Les avis fusent. Tous très tranchés. On aime, ou on n’aime pas. Un coup de cœur pour Geneviève (Hôtel Oceania) qui y voit une « magnifique déclaration d’amour à son père » et notre lectrice Marie-Eve qui a « beaucoup aimé cette relation père-fille ». Idem pour Franck (Auchan) qui, punchline à l’affût, déclare : « Je ne l’ai pas lu… je l’ai bu ! » (pas forcément l’avis de Lara, d’Acuitis, qui « aime lire quand ça fait vibrer », mais qui, là, « ne l’a même pas fini »).

Nuit nigériane (Mélanie Birgelen)

Dans ce roman paru aux éditions Calmann-Lévy, Mélanie Birgelen dresse le portrait d’un jeune styliste homosexuel qui espère percer dans le monde de la mode mais qui fait face à une société nigériane très conservatrice.

Problème dans ce livre, pour certains : cette double histoire avec une journaliste qui part à la recherche du protagoniste, « un rôle qui ne se raccroche à rien », comme le dit Déborah (Auchan). Philippe (mister NR Communication) n’y voit pas un roman, mais un « guide touristique » (et pan, dans les dents).

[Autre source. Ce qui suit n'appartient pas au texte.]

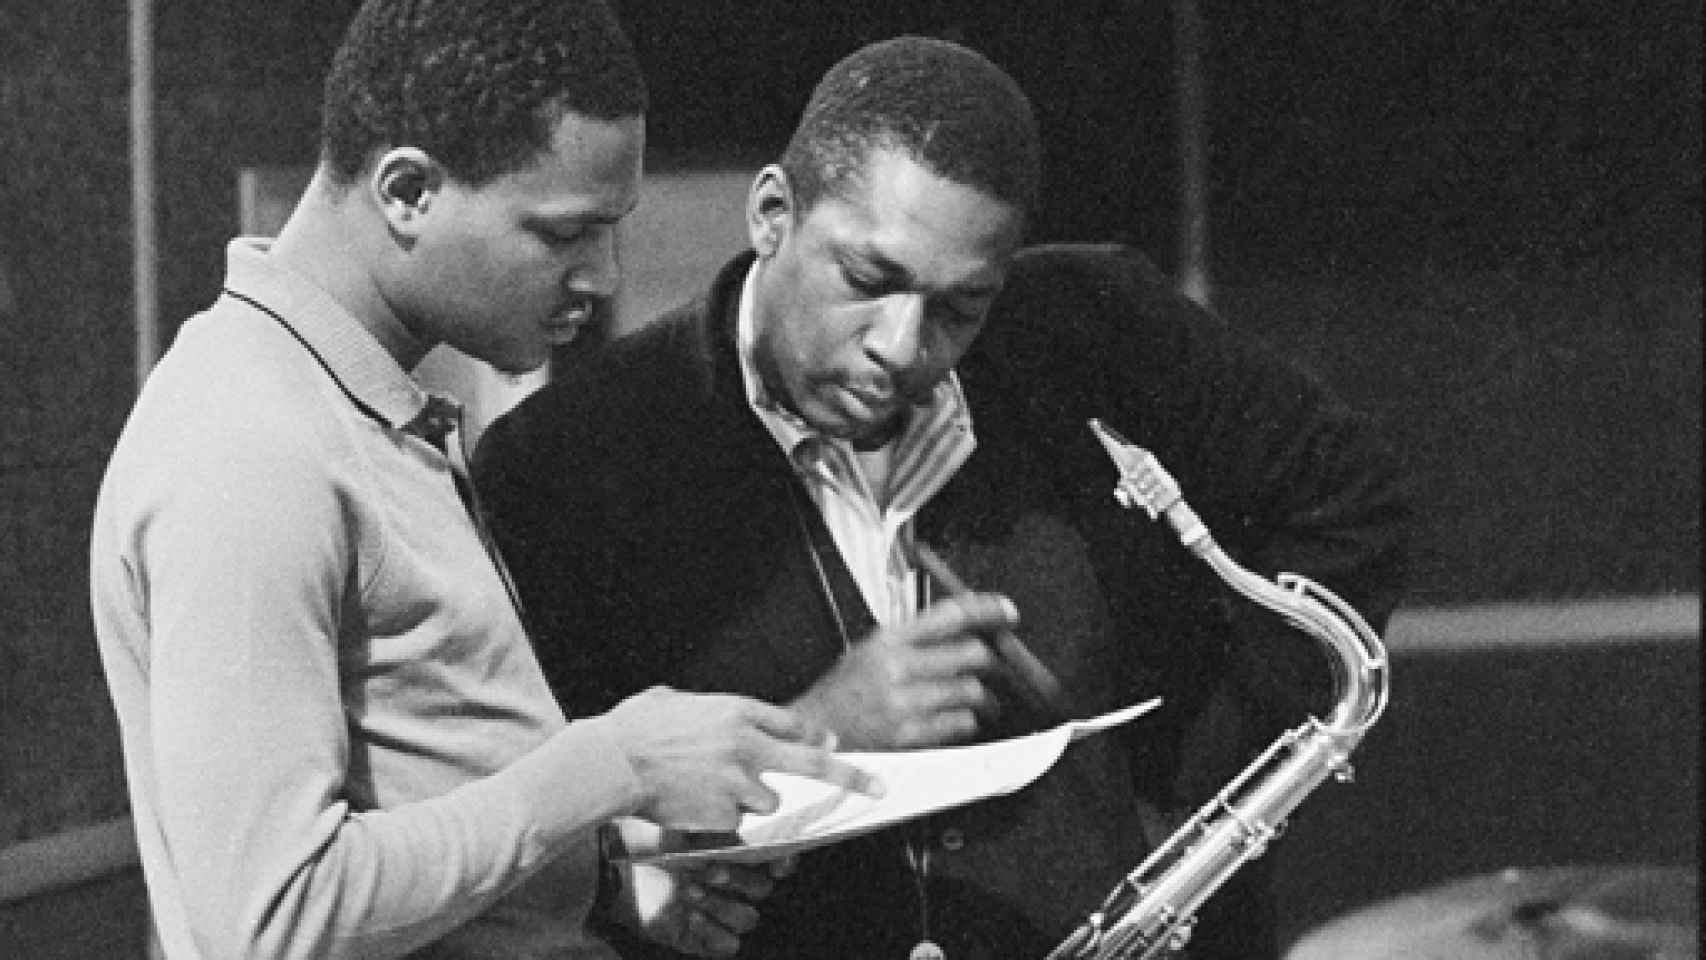 Image: Coltrane inédito, 55 años después

Jacques (groupe Duthoo) lève sa fourchette : « Comme les copains : pas emballé ».

Un dernier pan dans les dents de la part de Franck, je vous prie ? « Ouh, j’ai mis deux ans à le lire. (Franck a une notion de l’espace-temps légèrement exagérée, vous l’aurez compris – NDLR) Je me suis jamais autant ennuyé. »

D’autres en revanche ont adoré, comme Béatrice ou notre lectrice Marion (« c’est un beau roman qui transporte et qui émeut ») et Lara (« j’ai TOUT adoré »). C’est même « le préféré » de Manon, de NR Com : « Le thème est très percutant : comment être soi-même dans un pays où il est compliqué de s’assumer ? »

Les membres du jury du Prix du roman tmv réunis.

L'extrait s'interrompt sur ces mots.